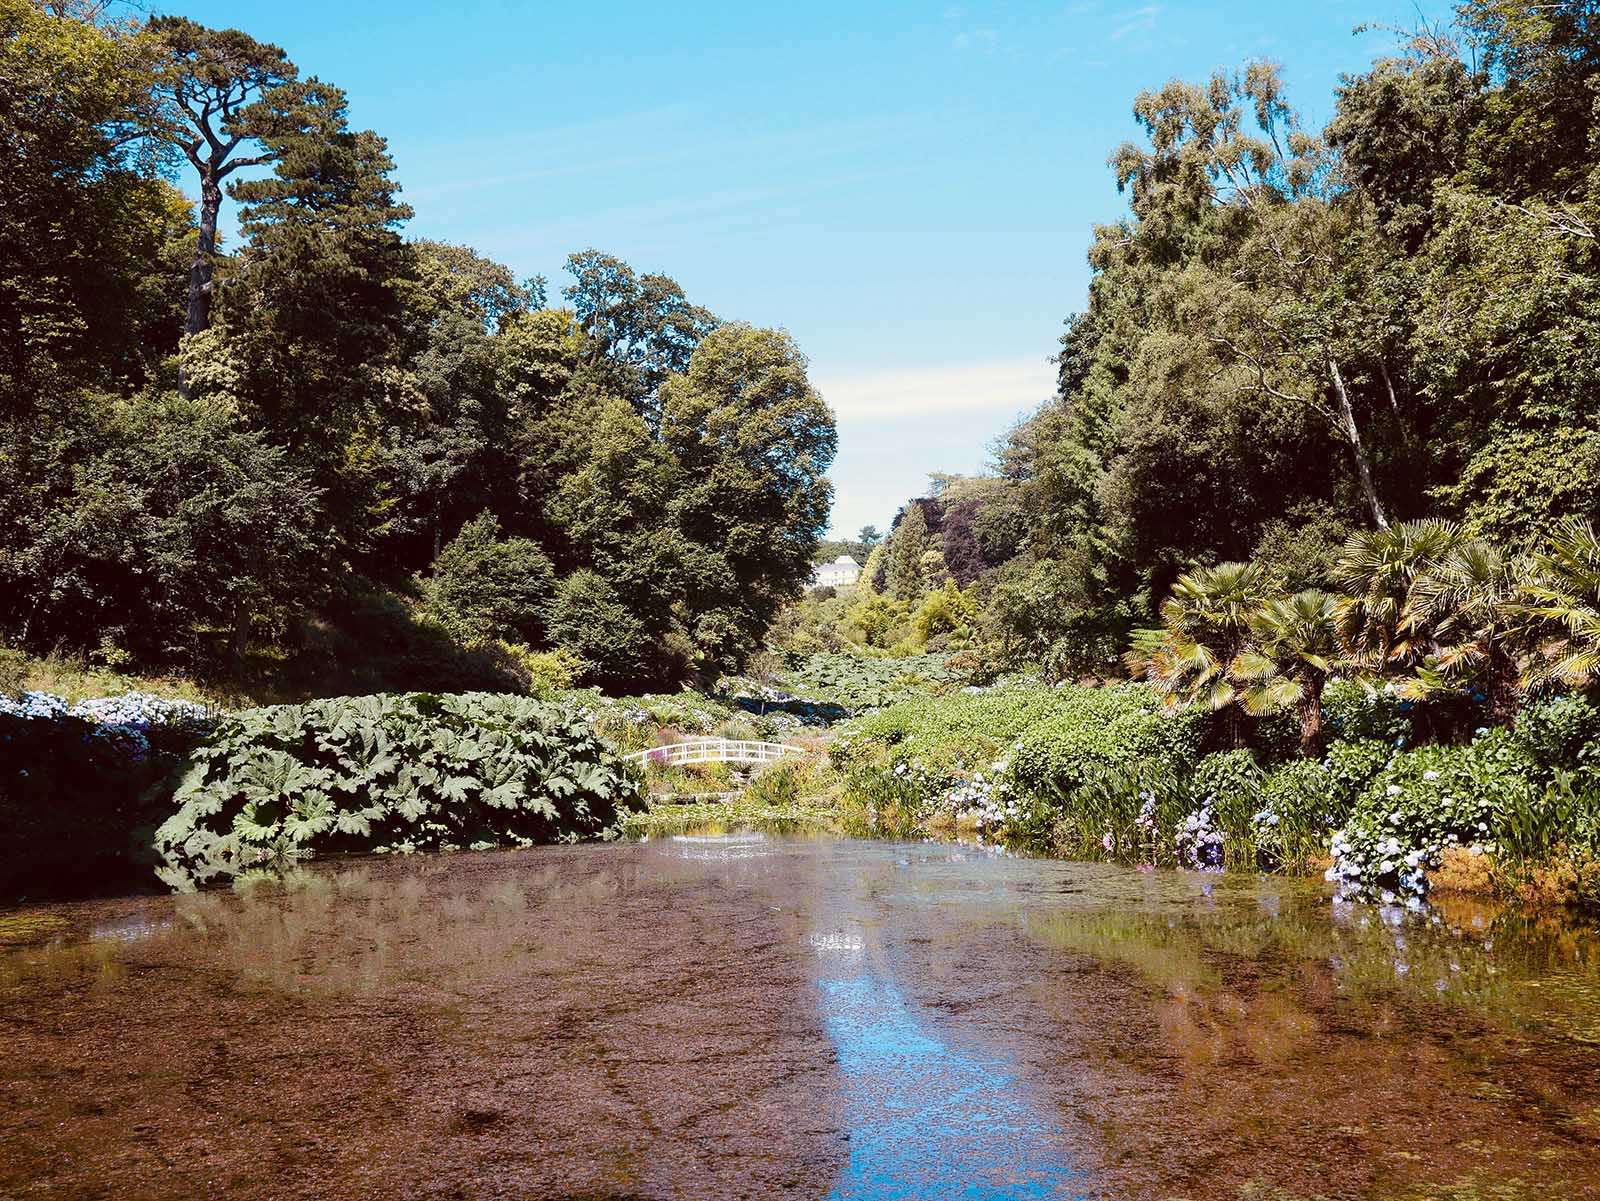 The pond at Trebah Garden.
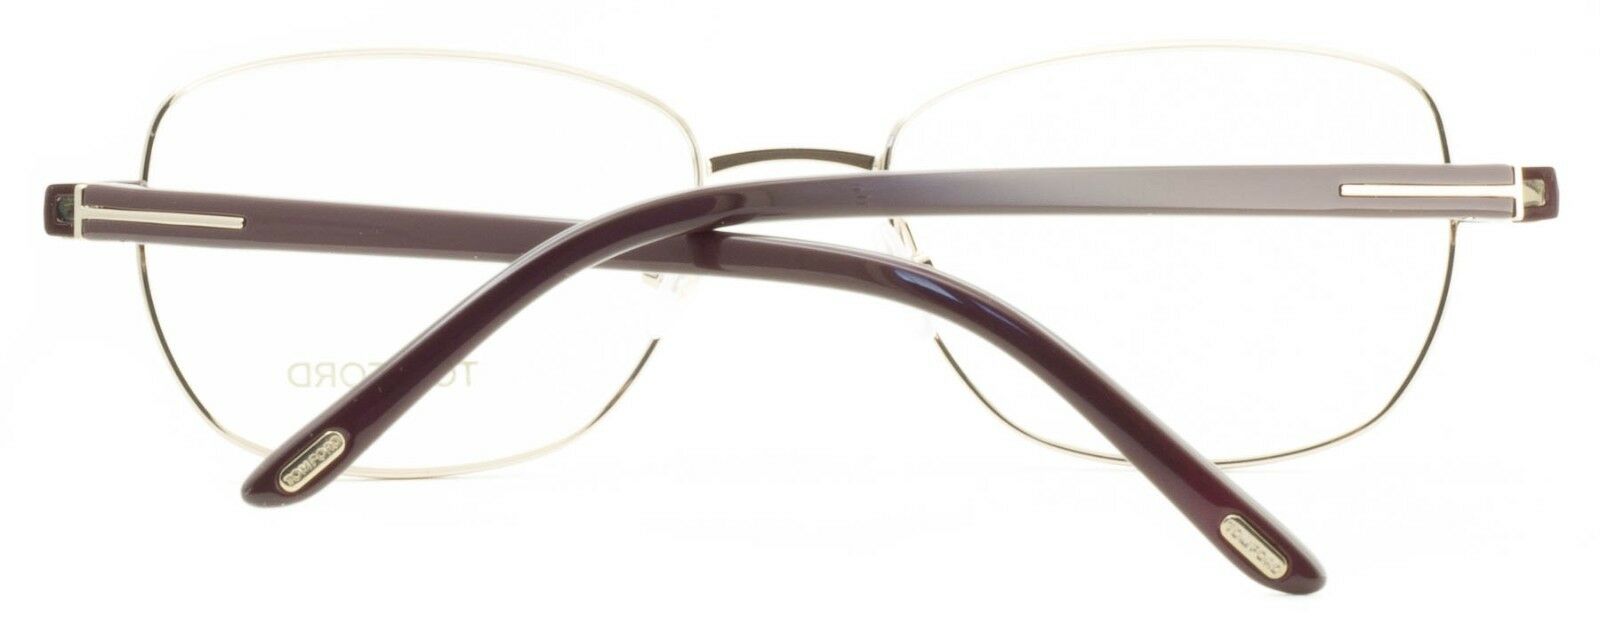 TOM FORD TF 5152 28A 54mm Eyewear FRAMES RX Optical Eyeglasses Glasses New Italy
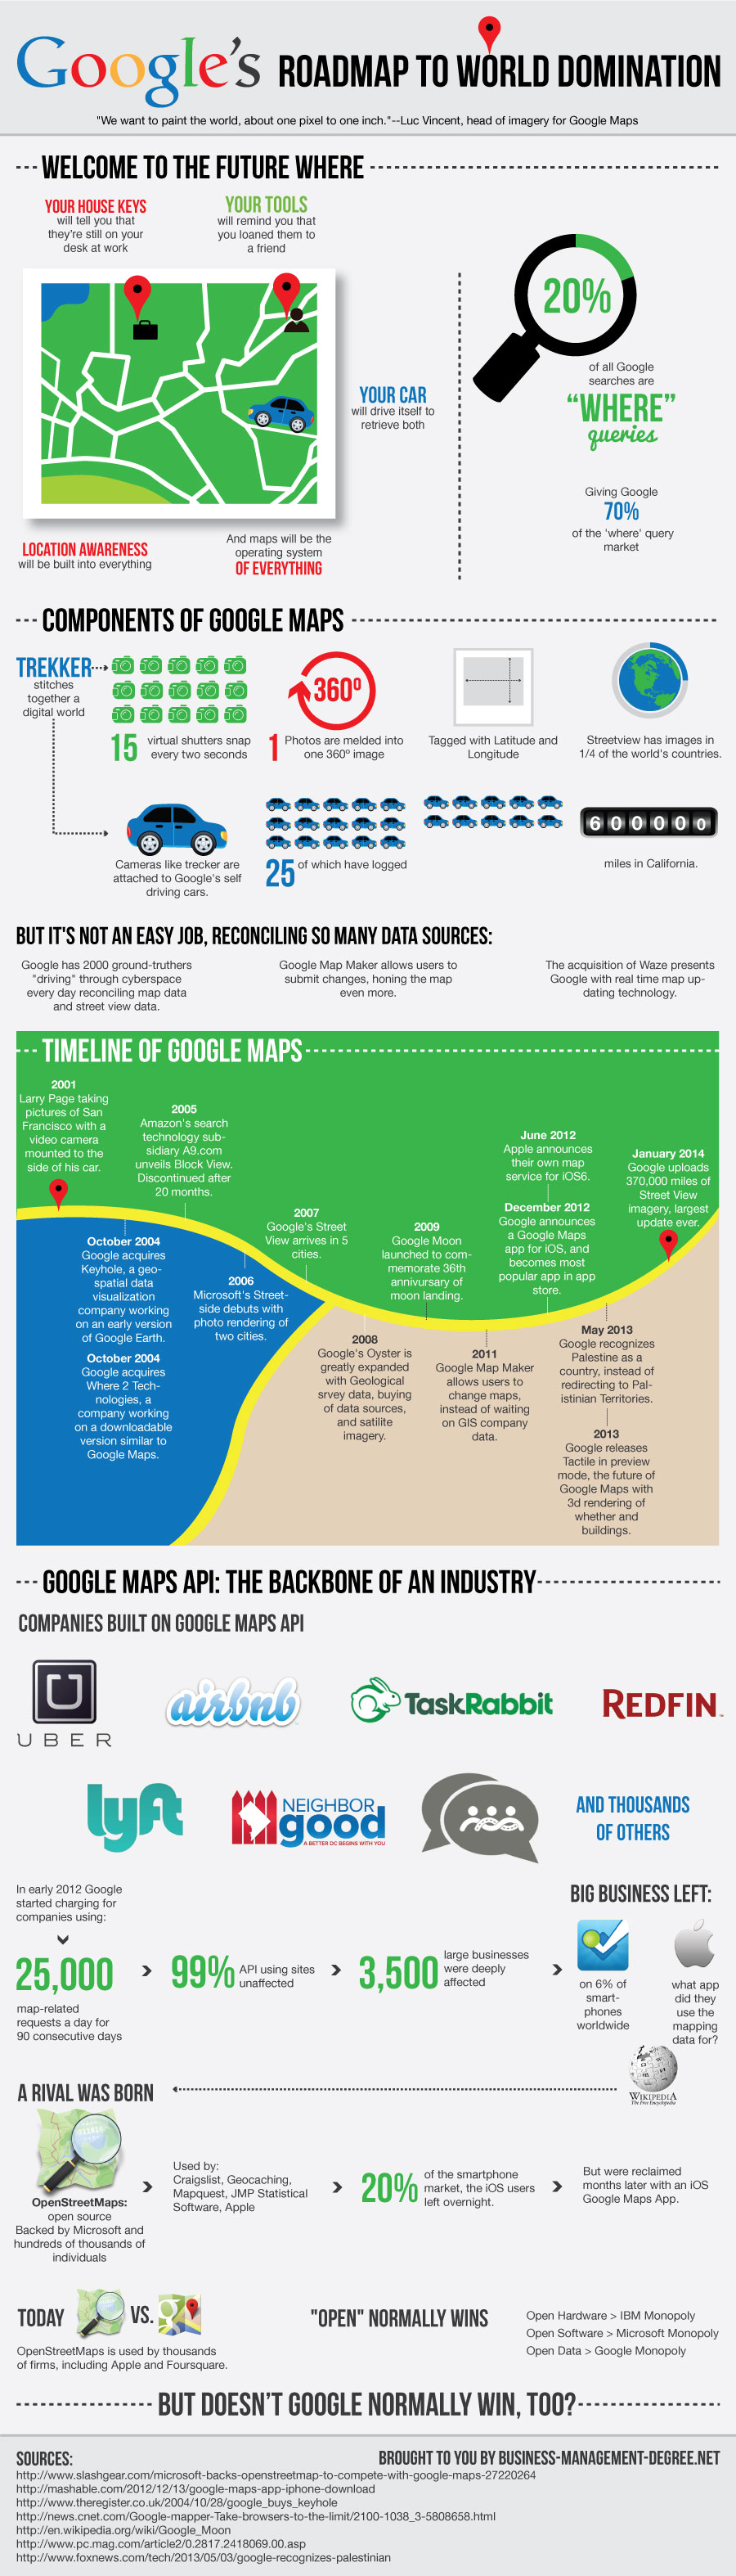 Google's Roadmap to World Domination
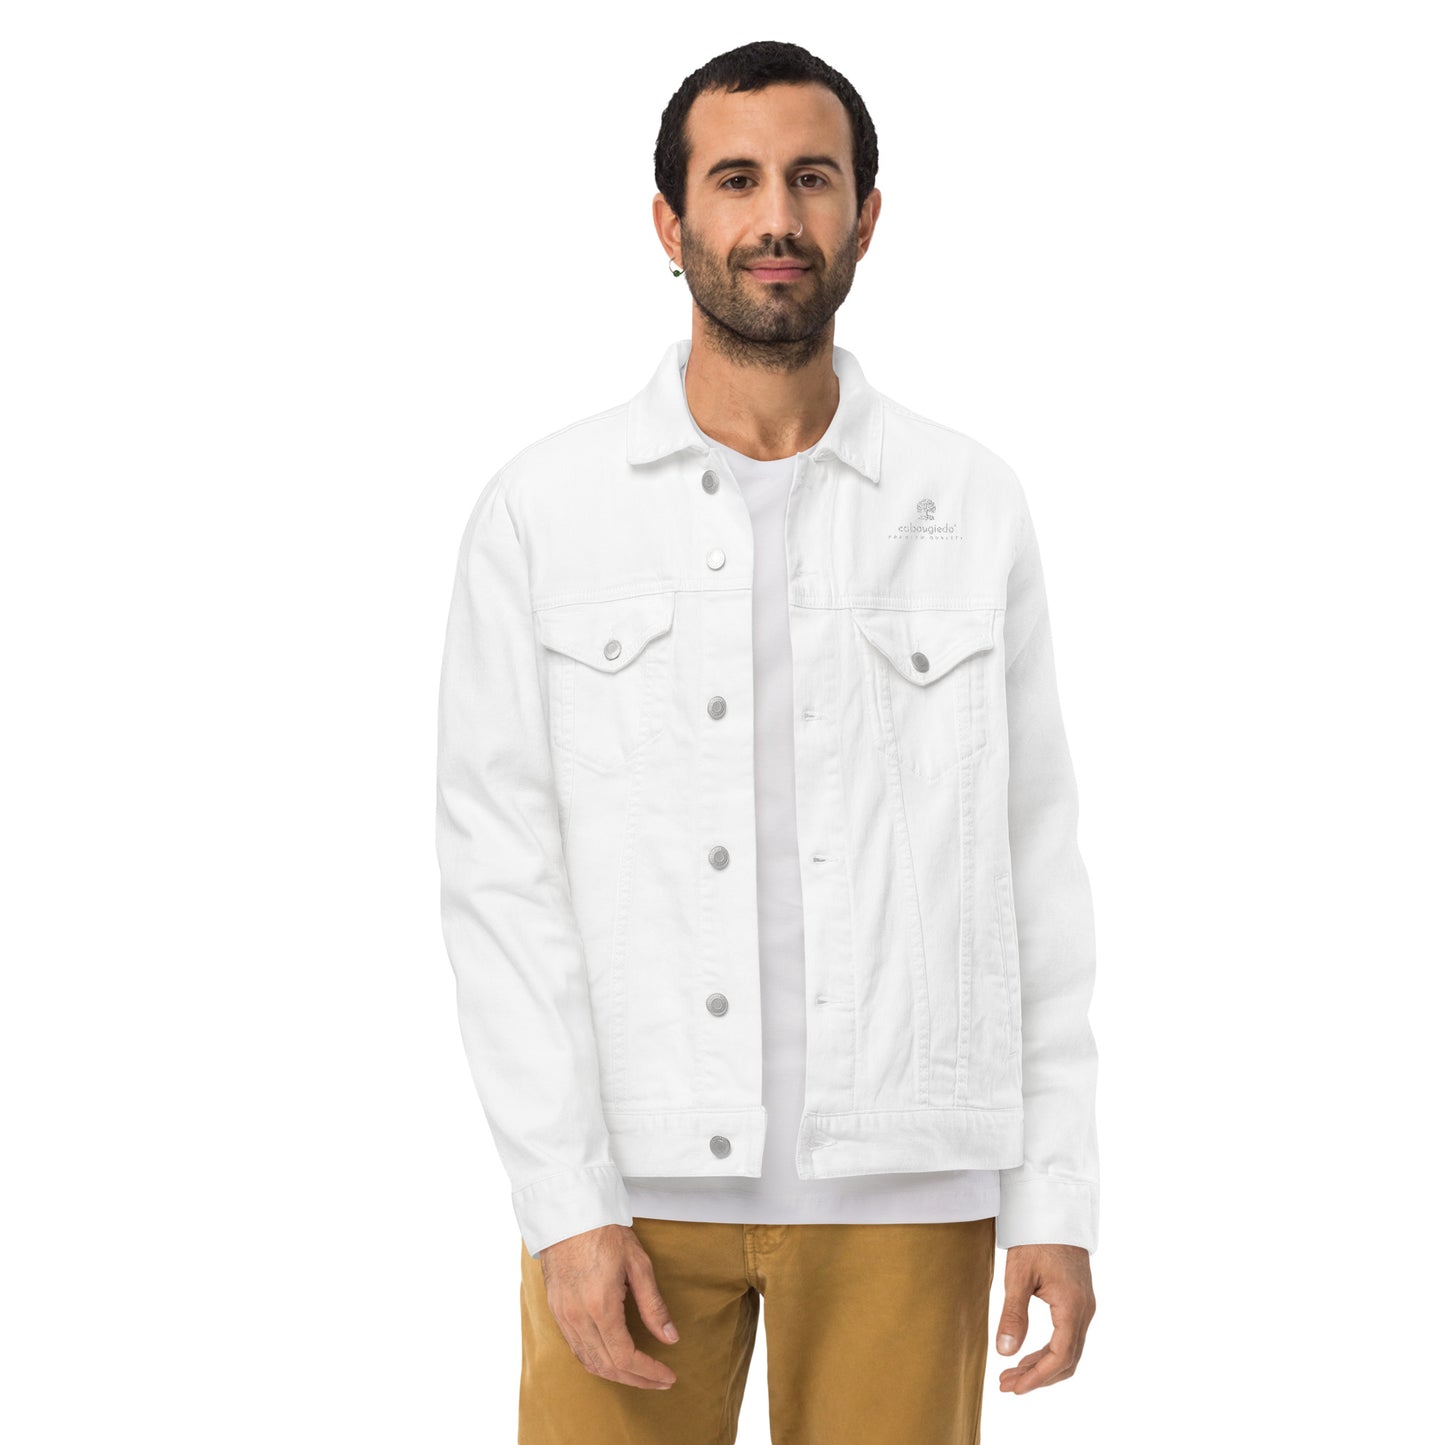 Unisex denim jacket - CaBougieDo Premium Quality

* [Task objective]: Omit the pictures, then copy out all the data exactly as it stands.

* [Answer section]:
 The pond at Trebah Garden.
 TOM FORD TF 5152 28A 54mm Eyewear FRAMES RX Optical Eyeglasses Glasses New Italy
 Google's Roadmap to World Domination
 Unisex denim jacket - CaBougieDo Premium Quality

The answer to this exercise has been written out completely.